Миражи искусства
Шрифт:
Этюд-поэма
ТАБАК
Табачным дымом пропитались речи в российском парламенте. Догоняя так называемые цивилизованные страны, депутаты возгорелись желанием продолжить уже основательно проигранную войну с курением. В этом порыве оставить-таки свой след в истории привлекательным выглядит то, что будут, может быть, отработаны устойчивые и хорошо понятные нормы не по части полного искоренения в людях пристрастия к табаку, а как бы примягчения самой проблемы курения. Сделать это неизбежно придётся через ограничители и определённые наказания, что вполне допустимо в рамках юриспруденции. О том, что нужны строгости, кажется, уже и не спорят. Нужны, и ещё как. В первую очередь те, которые стали бы эффективными. И если случится, что дело тут в конечном счёте хотя бы сдвинется с места, то, наверное, будет серьёзный повод засчитать полученный результат и в арсенал общественной культуры. Той, что необходима и каждому, и всему социуму.
Насколько
Наверное, каждый курильщик отмечал про себя некоторые особенности в потреблении им табачного дыма. Не только в манерах, которые тоже нельзя не учитывать, а именно в потреблении. Рядовой курильщик тут хотя и может служить наглядным примером, но это не тот случай, когда мы гарантированно постигаем явление в закономерности. Выводы будут намного ценнее, если присматриваться к людям известным и если эти люди известны ещё и в качестве курильщиков-оригиналов. Четвёрку таковых назову, не напрягая памяти: – Черчилль, Сталин, Лебедь и Шмидт. Можно и больше, но здесь количество не имеет никакого значения. Сразу поясню для малознающих, что Лебедь – это наш генерал, погибший в авиакатастрофе. Имел о себе преувеличенное мнение, сыграл роковую роль как один из подписавших государственную бумагу в Хасав-Юрте. Шмидт – экс-канцлер Федеративной республики Германии (1976-1982 г.г.). Его считают одним из популярнейших политиков высшего ранга в Европе и в мире. Черчилля и Сталина представлять, думаю, нет необходимости.

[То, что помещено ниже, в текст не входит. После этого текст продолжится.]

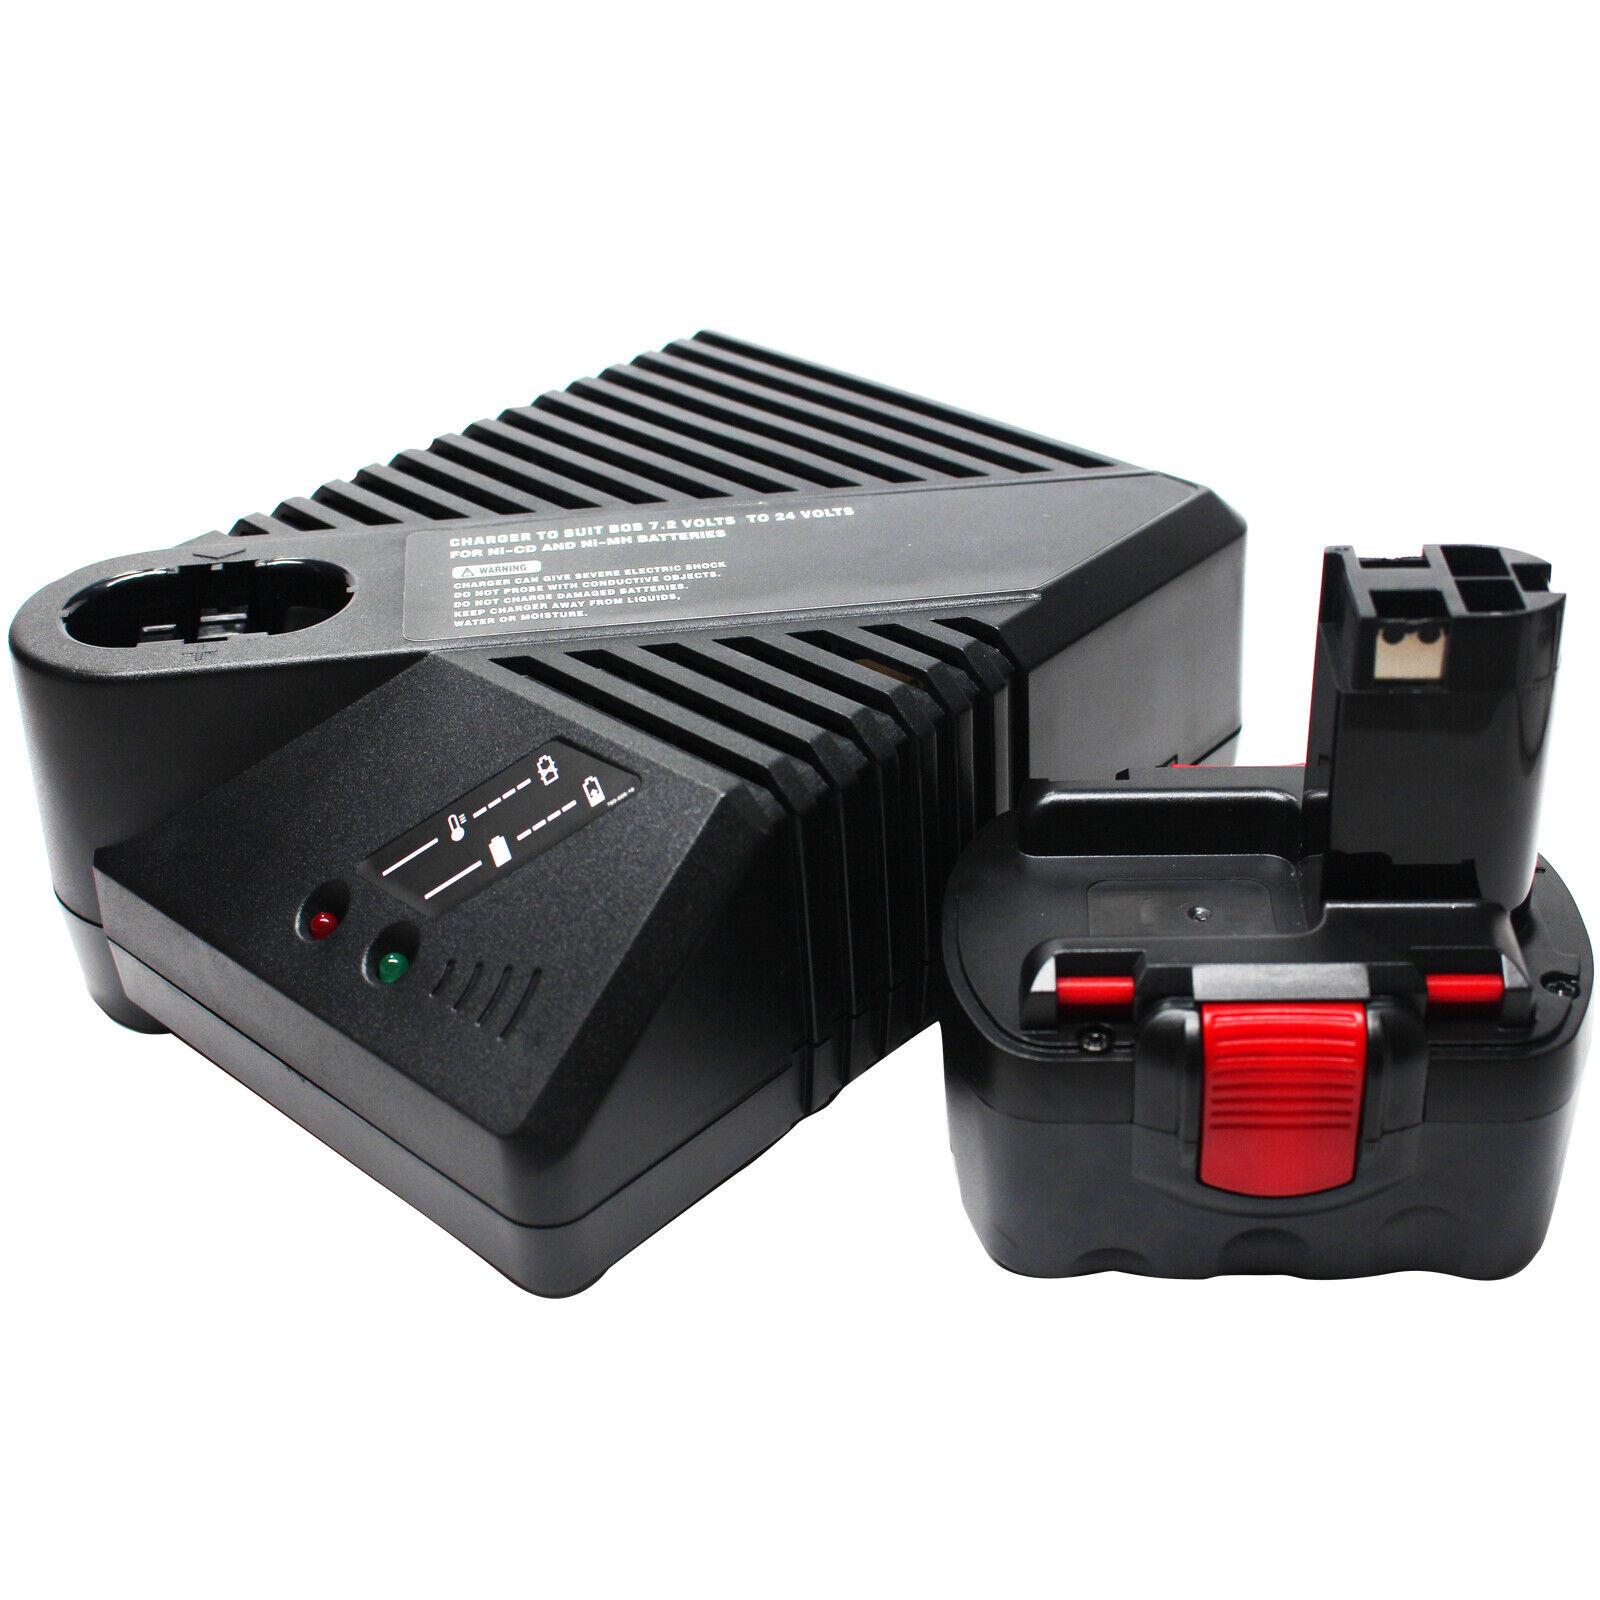 14.4V Battery 1.3Ah & UniCharger for Bosch 33614, 52314, GDS 14.4 V, 35614

Что в этих курильщиках общего и, так сказать, нерушимого? Не побоюсь утверждать: – это их яростное увлечение табаком, нескрываемая к нему любовь, глубинная, цельная удовлетворённость потреблением. Не считая Лебедя, названные персонажи могли бы, наверное, используя власть, провести вполне приличные акции по борьбе с курением, в своих, разумеется, странах. И не потерять своего имиджа, даже если бы по ходу акций они, вопреки всему, продолжали оставаться курильщиками сами. О результате же, если подразумевать борьбу как с курением, так и с курильщиками, здесь говорить не приходится. Он, определённо, был бы со знаком «минус». Я этим сразу хочу подвести к мысли, что если борьба с курением оказалась бы проигранной в каких-то одних странах, то на проигрыш в ней обречен и весь мир. А, значит, не существует убедительных обоснований также и того, что по части удушения курева и в каждой отдельной личности имеется шанс на какой-то очень уж большой успех.

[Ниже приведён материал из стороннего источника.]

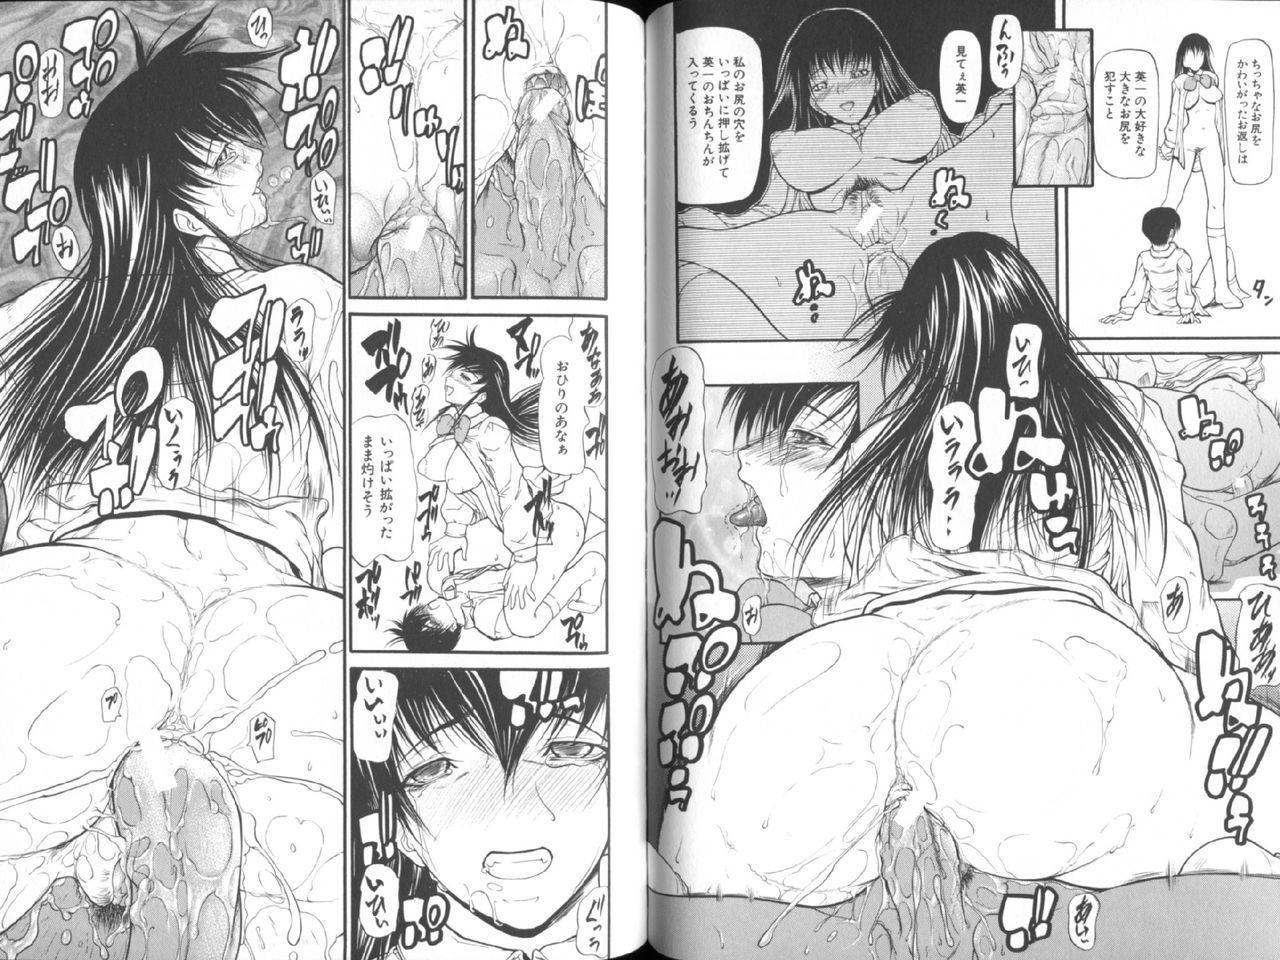 Senjou - A Desire is Instigated 89

О четвёрке нельзя сказать, что эти люди потреблением табака себя ущемляли и ущемили. Шмидту перевалило за девяносто, и он на этом рубеже чувствовал себя прекрасно. Черчилль умер за девяносто. Свой немалый срок протянул Сталин. Наверное, и Лебедю нетрудно было бы отшагать по жизни около того. И какова у них дюжесть! У каждого в привычке потреблять курево почти непрерывно, в огромных дозах. Можно было поразиться хотя бы генеральской выносливости Лебедя. В течение каждого, как правило, недлинного интервью, которое он давал журналистам, в пепельнице на его столе набиралось не менее десятка окурков. И при этом он курил мощными, прямо-таки зверскими затяжками.

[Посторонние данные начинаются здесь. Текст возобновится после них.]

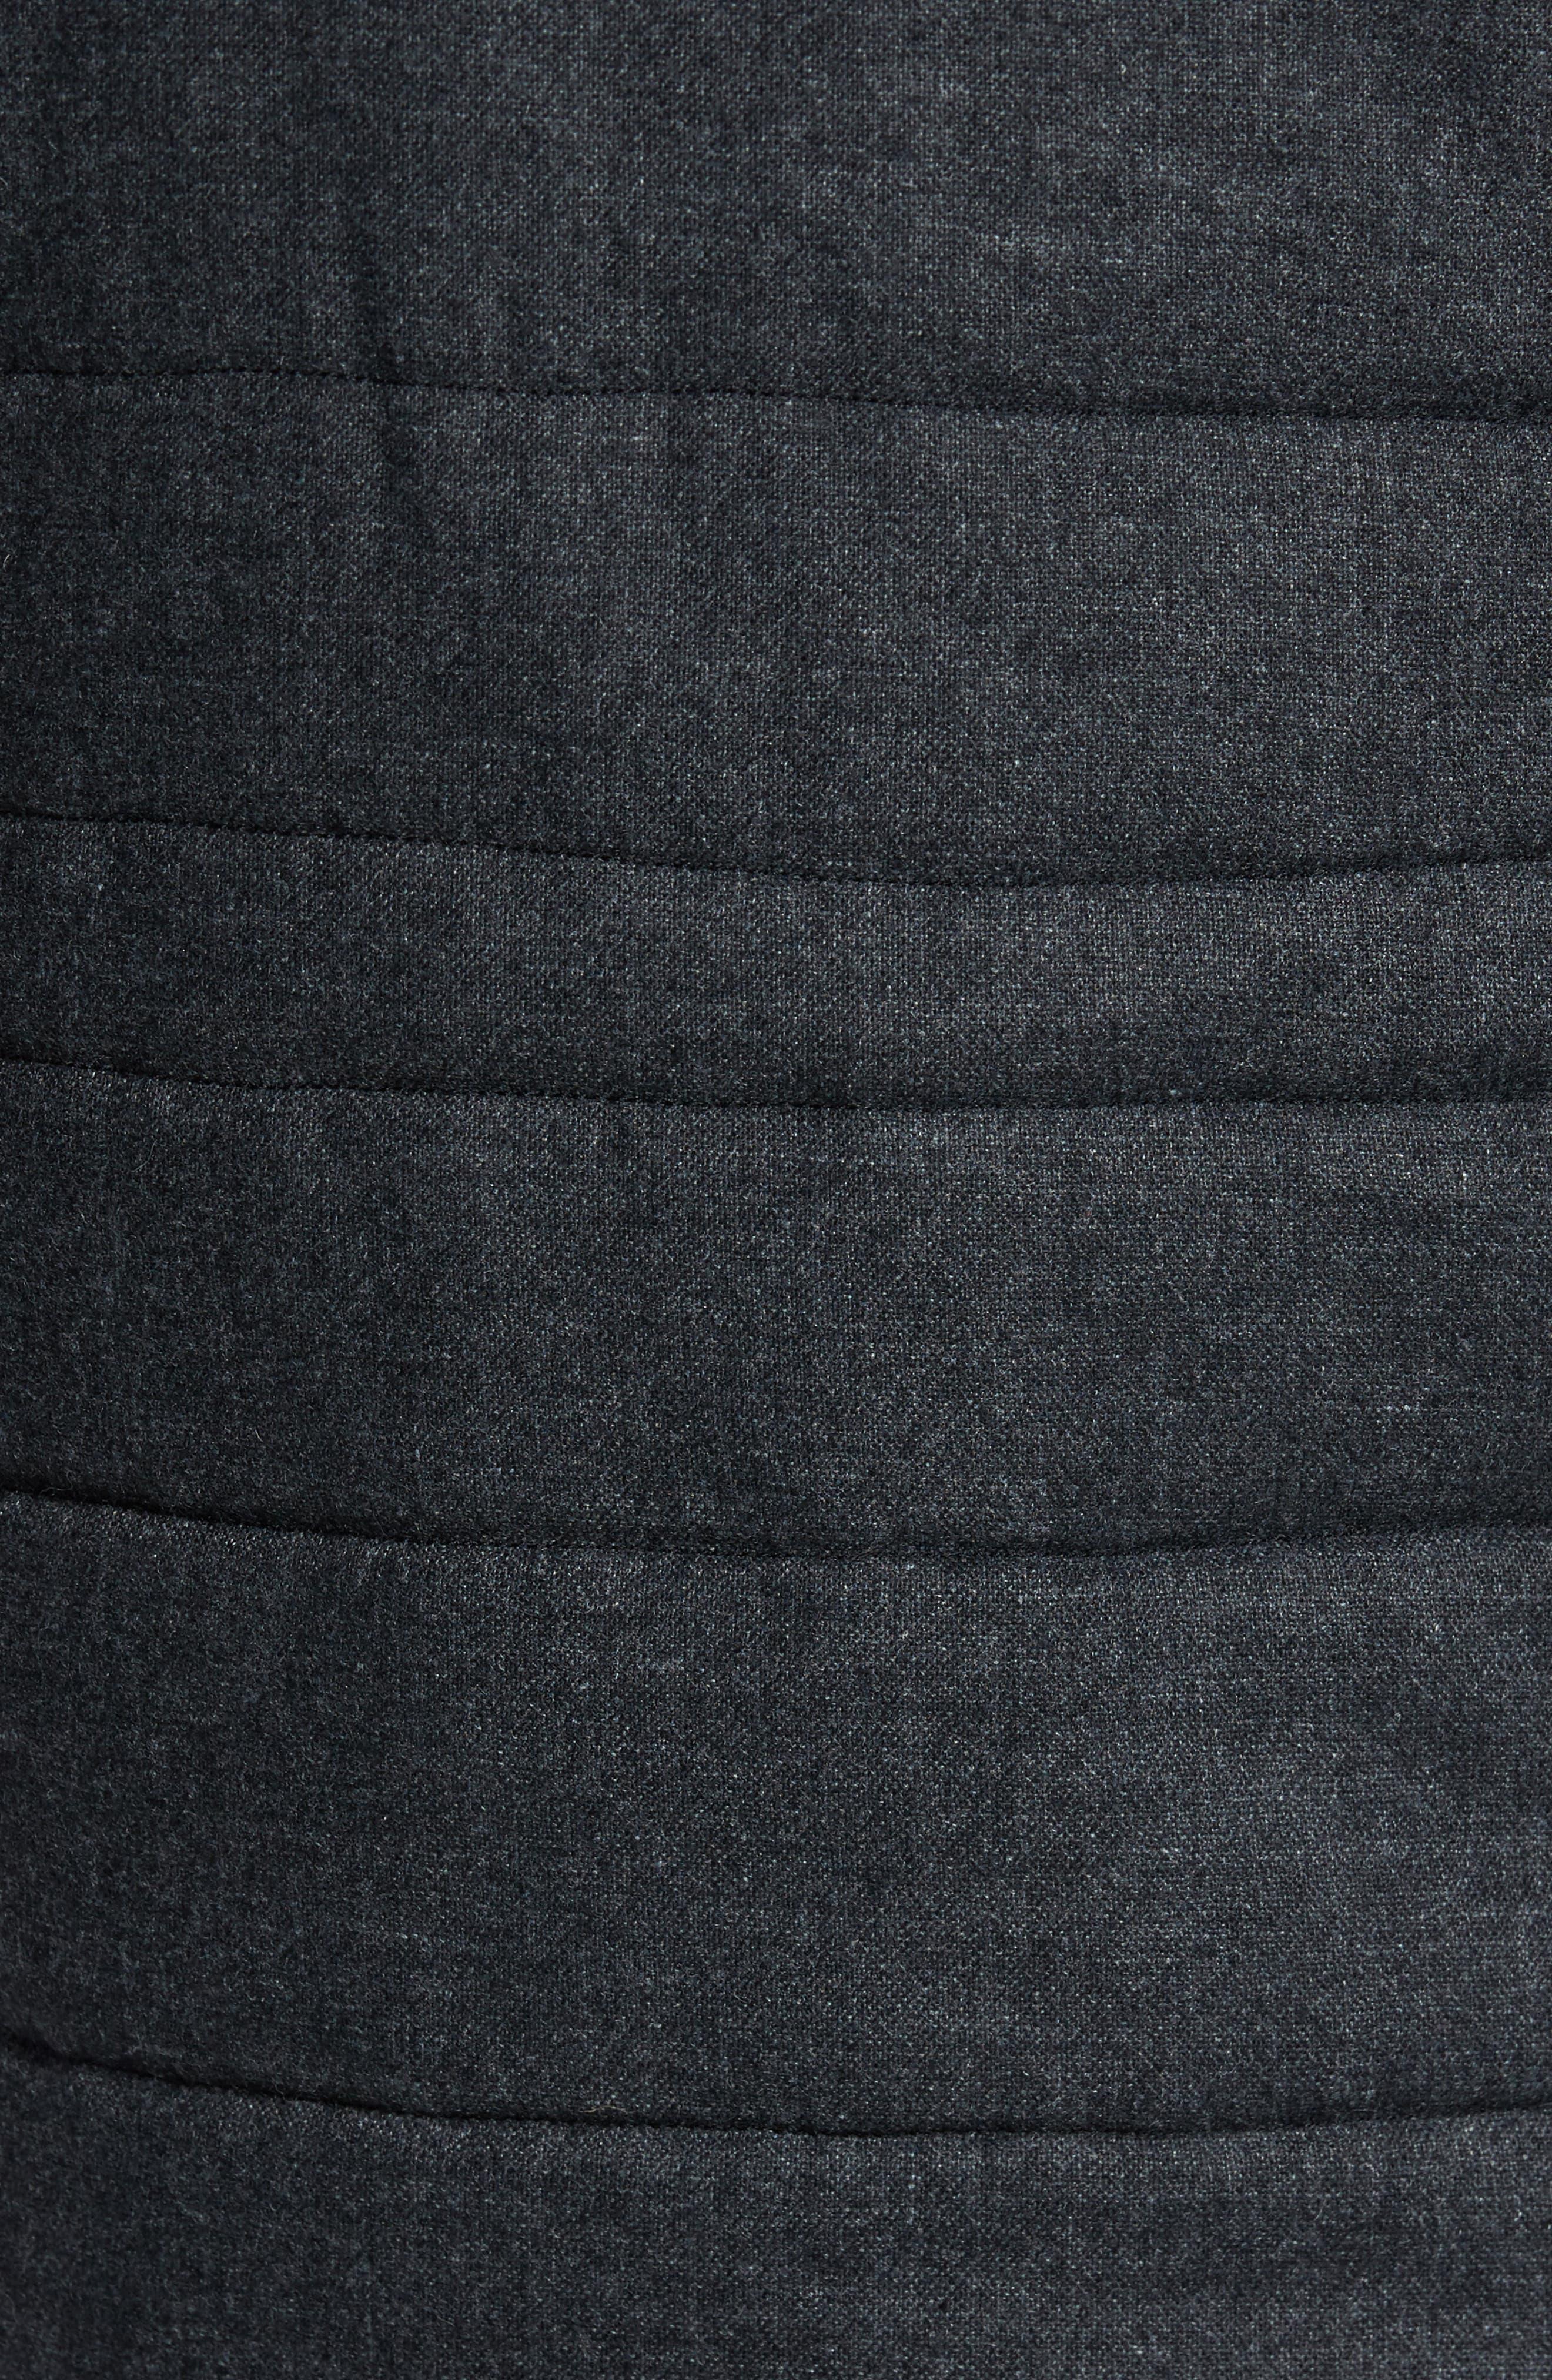 Johnsonville Quilted Vest,                             Alternate thumbnail 6, color,                             021

Разве трудно из этого сделать заключение, что курево способно выражаться, по всей видимости, и немалой стимулирующей функцией. На такую трактовку иные тут же могут резко и осуждающе возразить. Чего, дескать, не за борьбу с куревом, не за его искоренение? И вовсе, мол, не по правилам, не вместе со всеми. Но одно дело разделять негодование, а другое – учитывать реальность. Она же здесь, признаем это – необорима. И единственное, что, как я полагаю, нам по силам, – это постараться извлечь из табака хоть какую-то пользу. Какую? Индейцы, например, вводили потребление табачного дыма в ритуалы. До сих пор в голливудских фильмах нам показывают эпизоды, когда с целью прекращения конфликта вожди племён раскуривают символическую трубку мира.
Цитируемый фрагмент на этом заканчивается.